Judith Migeot-Alvarado
Judith Migeot-Alvarado dresse un bilan intéressant de l'état des relation entre l'école et les familles. La justesse du rappel historique ainsi que le constat et les témoignages des différents acteurs permettent de tirer quelques conclusions quant aux relations actuelles. Sans chercher de coupables ni de responsables à des relations qui ne sont pas placées sous le signe de l'idylle, l'auteur nous offre surtout des extraits de témoignages de parents, d'enseignants, de collégiens. On peut regretter que les témoignages d'élèves ne soient que ceux de " bons " élèves qui s'ils ont un regard critique vis à vis de leur environnement n'en reste pas moins influencés par l'image qu'ils peuvent avoir au sein de l'institution.

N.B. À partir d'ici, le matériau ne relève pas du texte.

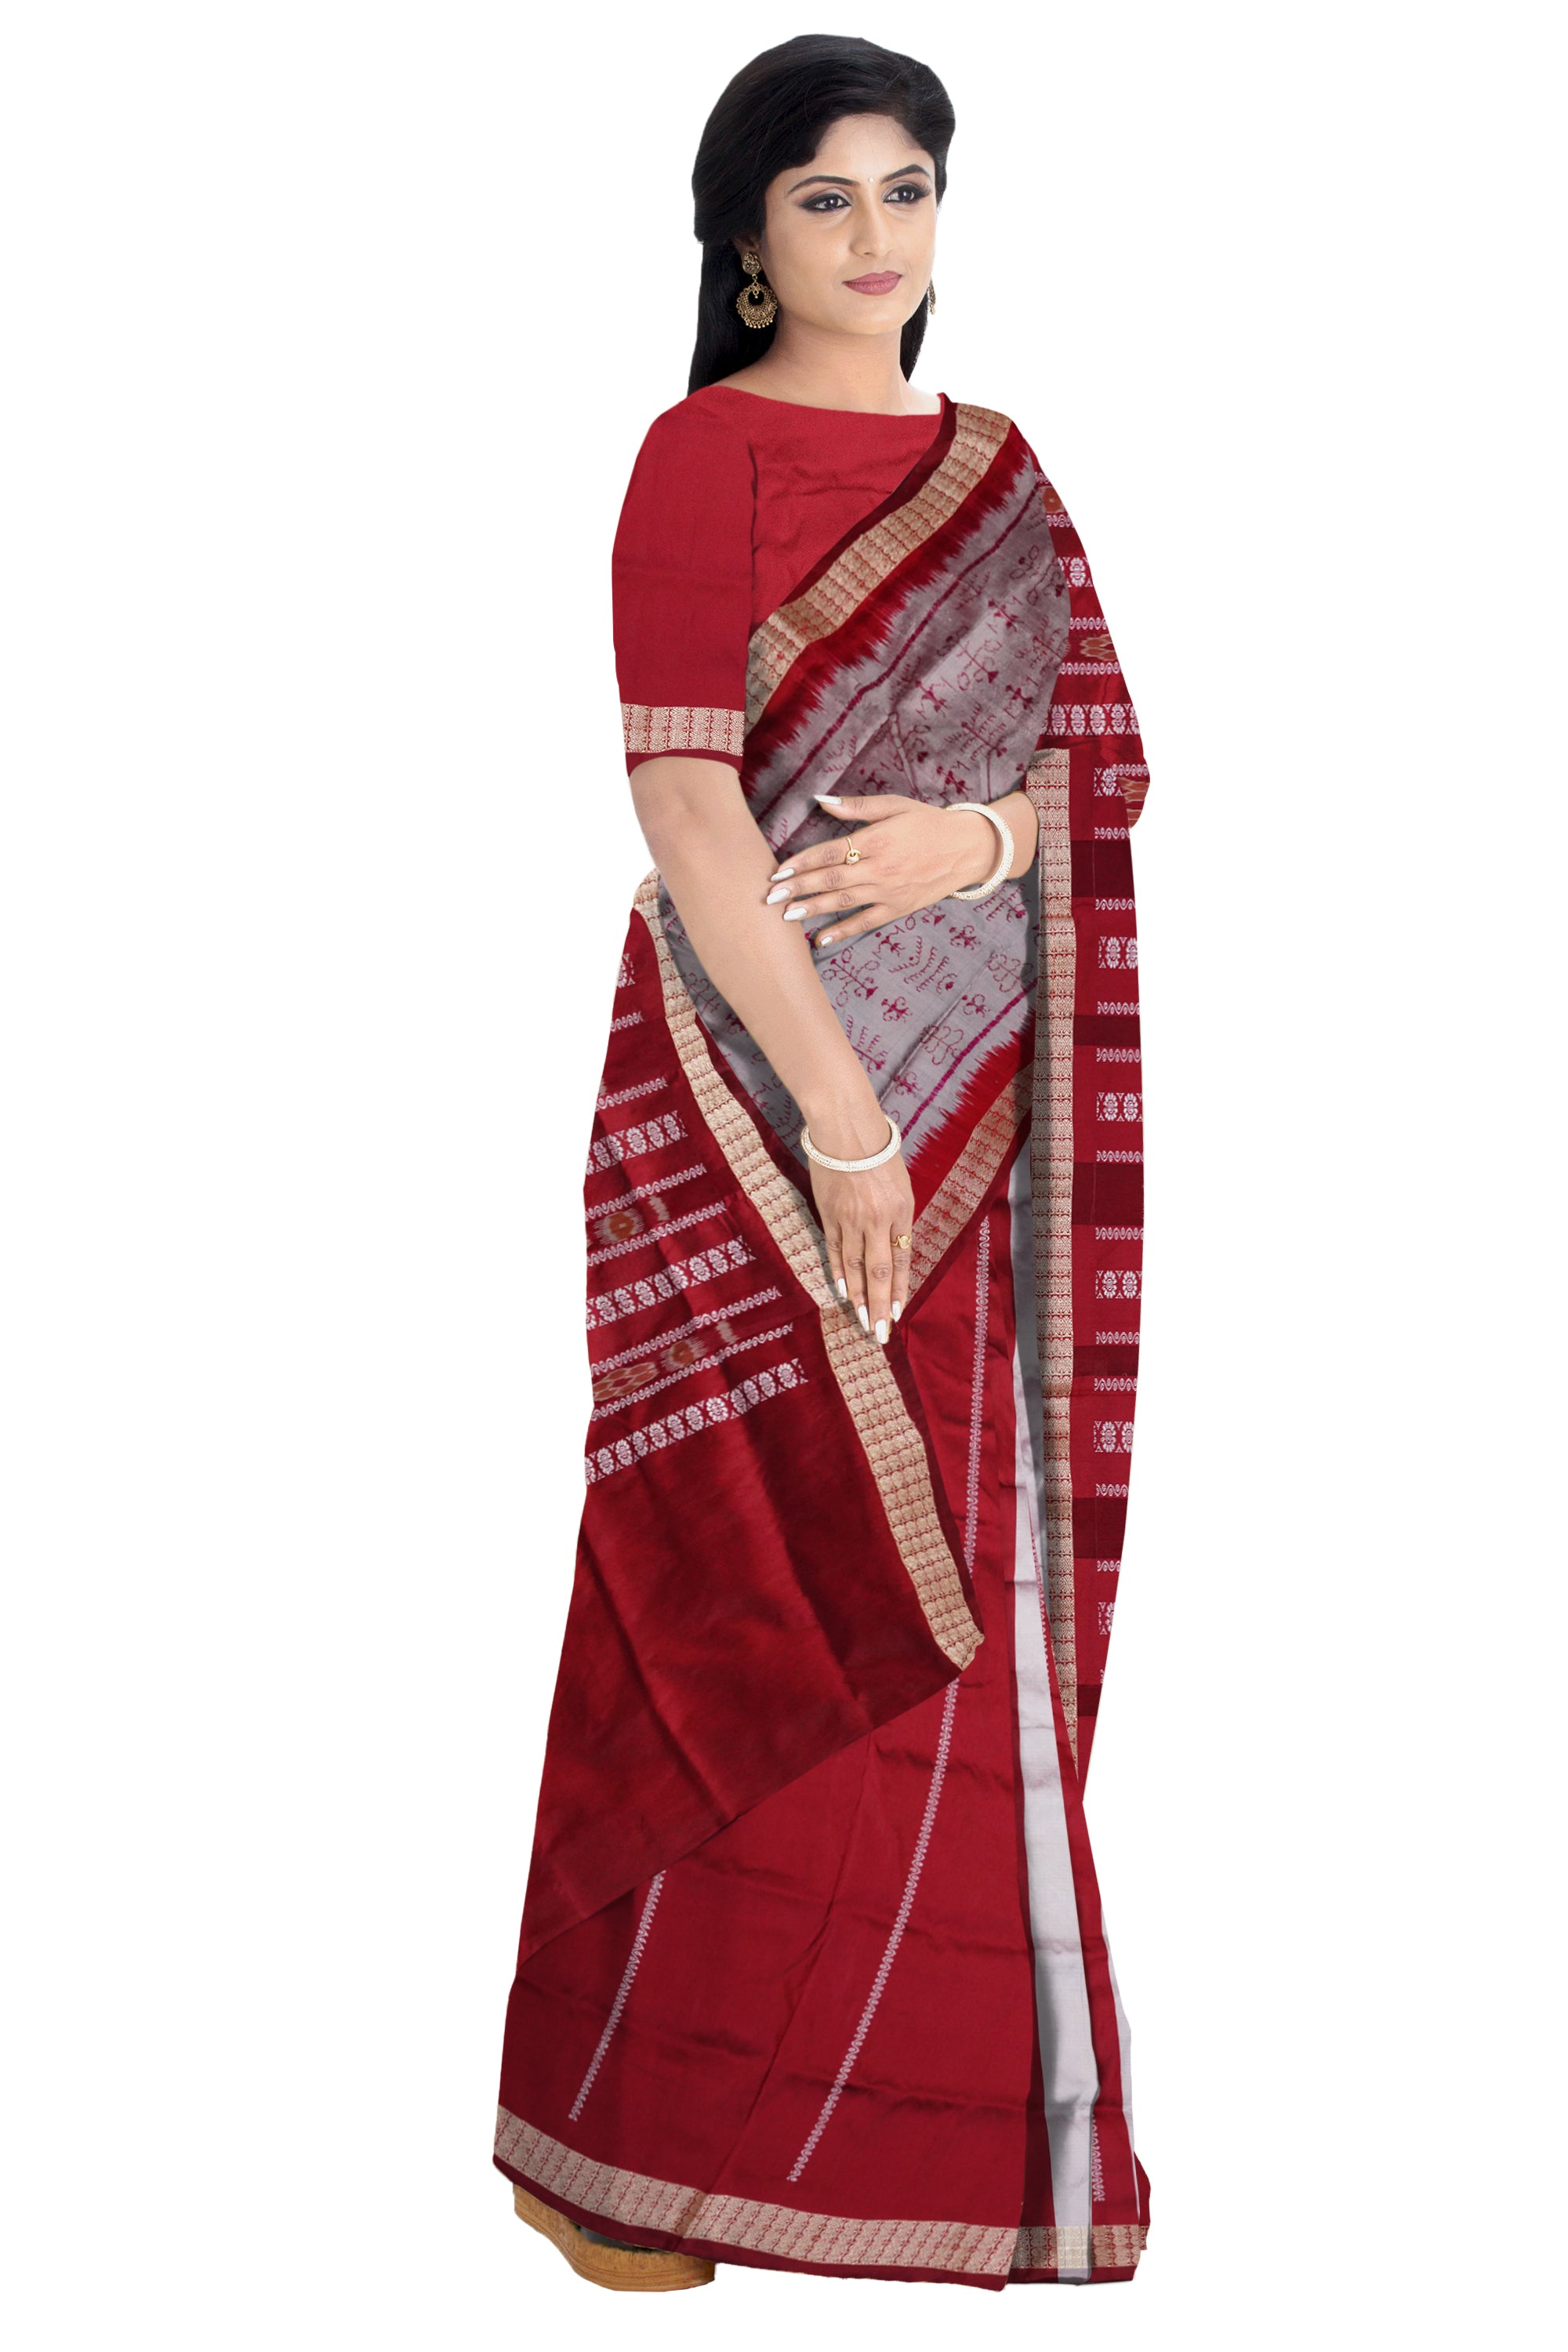 Latest silver and maroon terracotta patli pata saree with bandha pattern pallu design, a stunning addition to your wardrobe. - Koshali Arts & Crafts Enterprise
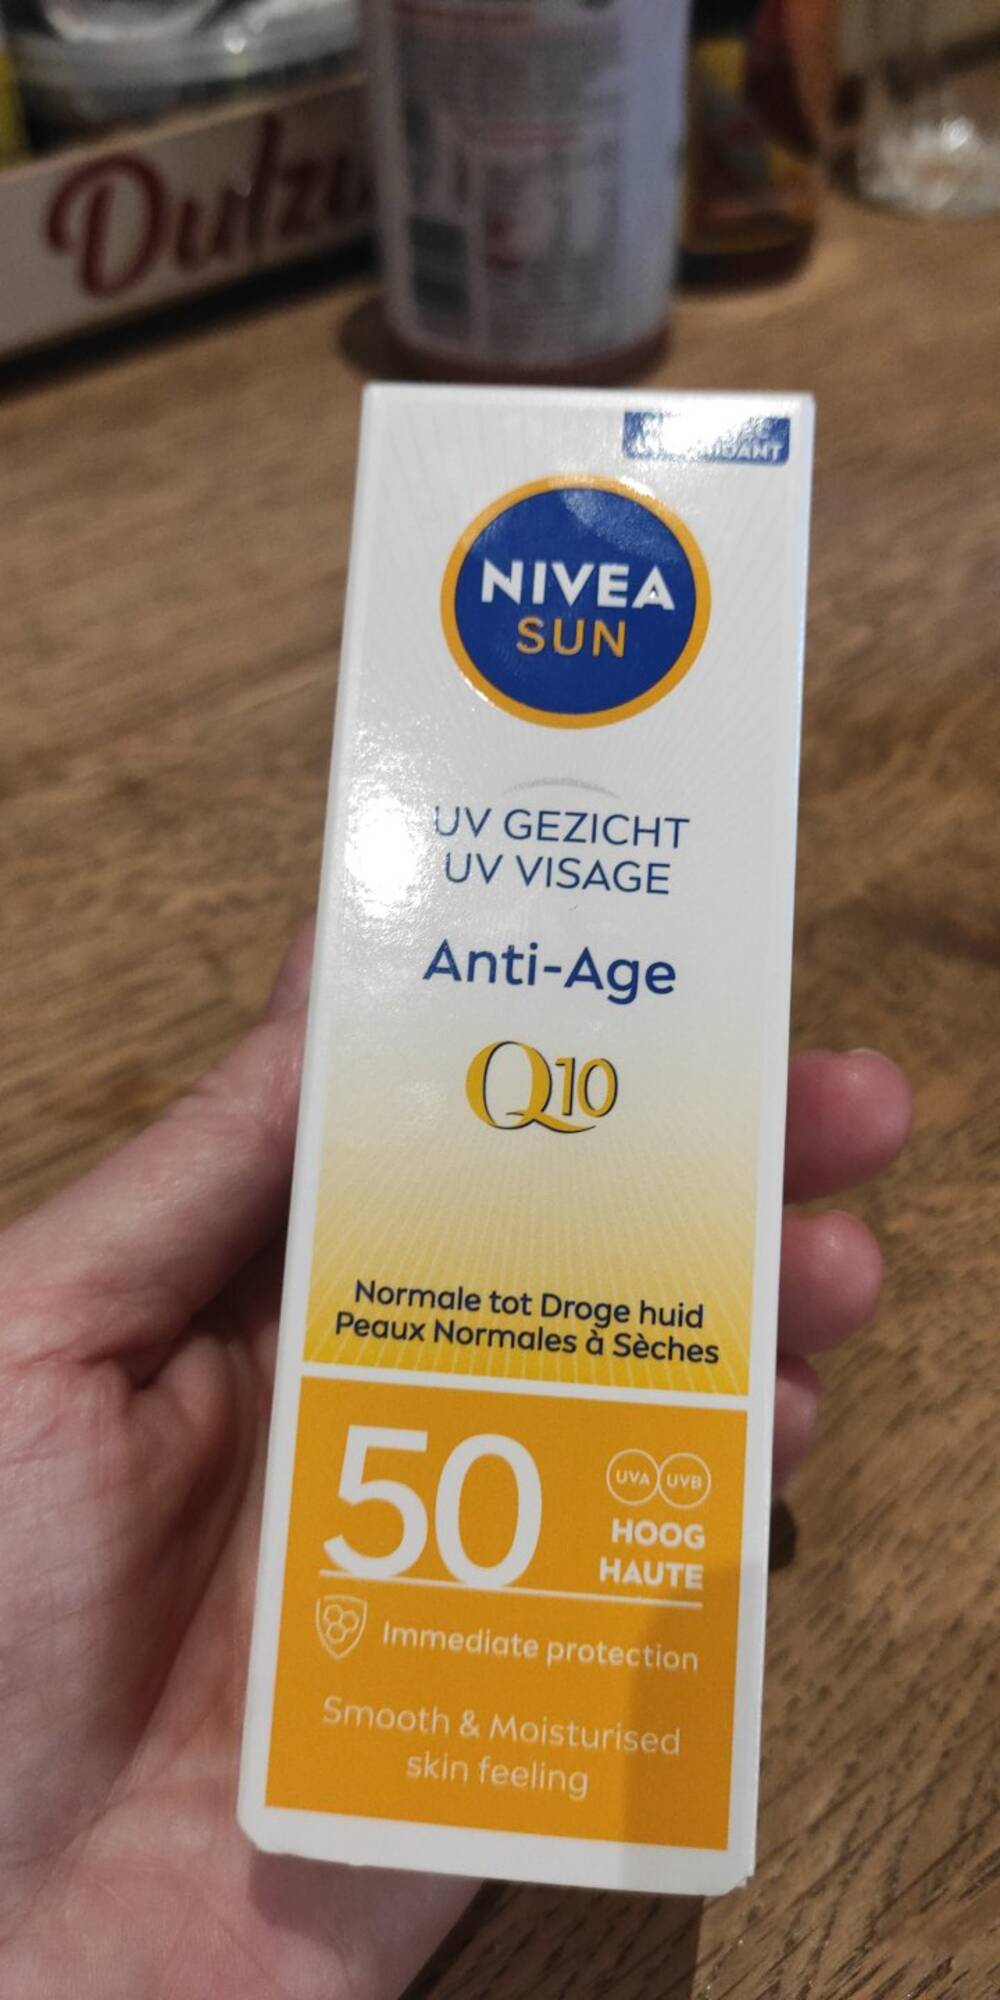 NIVEA SUN - UV visage anti-age fsp 50

De plus tous les élèves cités ont leur deux parents (qu'ils soient séparés ou non) qui travaillent ce qui n'est pas obligatoirement représentatif de la population collégienne. Toutefois comme le fait fort justement remarquer l'auteur, " la lucidité de leur jugement est à prendre en compte "(p.94). A l'exception de cette petite remarque le livre de Judith Migeot-Alvarado ouvre des portes, notamment en ce qui concerne les attentes de chacun des acteurs en matière de communication entre l'institution scolaire et les familles, ces " usagers indirects ". Le caractère déjà synthétique de cet ouvrage et la profusion de témoignages et de citations permettent surtout de dégager quelques pensées et citations sur des thèmes d'importance.
La relation école-familles a évolué. D'une école " sanctuaire ", on est passé à une école " ouverte " tentant de faire des parents des partenaires. D'une famille patrimoniale et moralisatrice qui décidait du " destin " des enfants, on glisse vers une famille diplomate et relationnelle. Dans le lien école-familles, ce sont les enseignants et les parents qui nouent ou dénouent la relation par enfant interposé. Ce lien est difficile. On parle de malentendu, de malaise qui se serait installé et qui rend complexe la relation entre les deux instances d'éducations et de socialisation. Ces tensions varient en fonction des époques, des niveaux d'études des enfants, de l'appartenance sociale des familles, des pays.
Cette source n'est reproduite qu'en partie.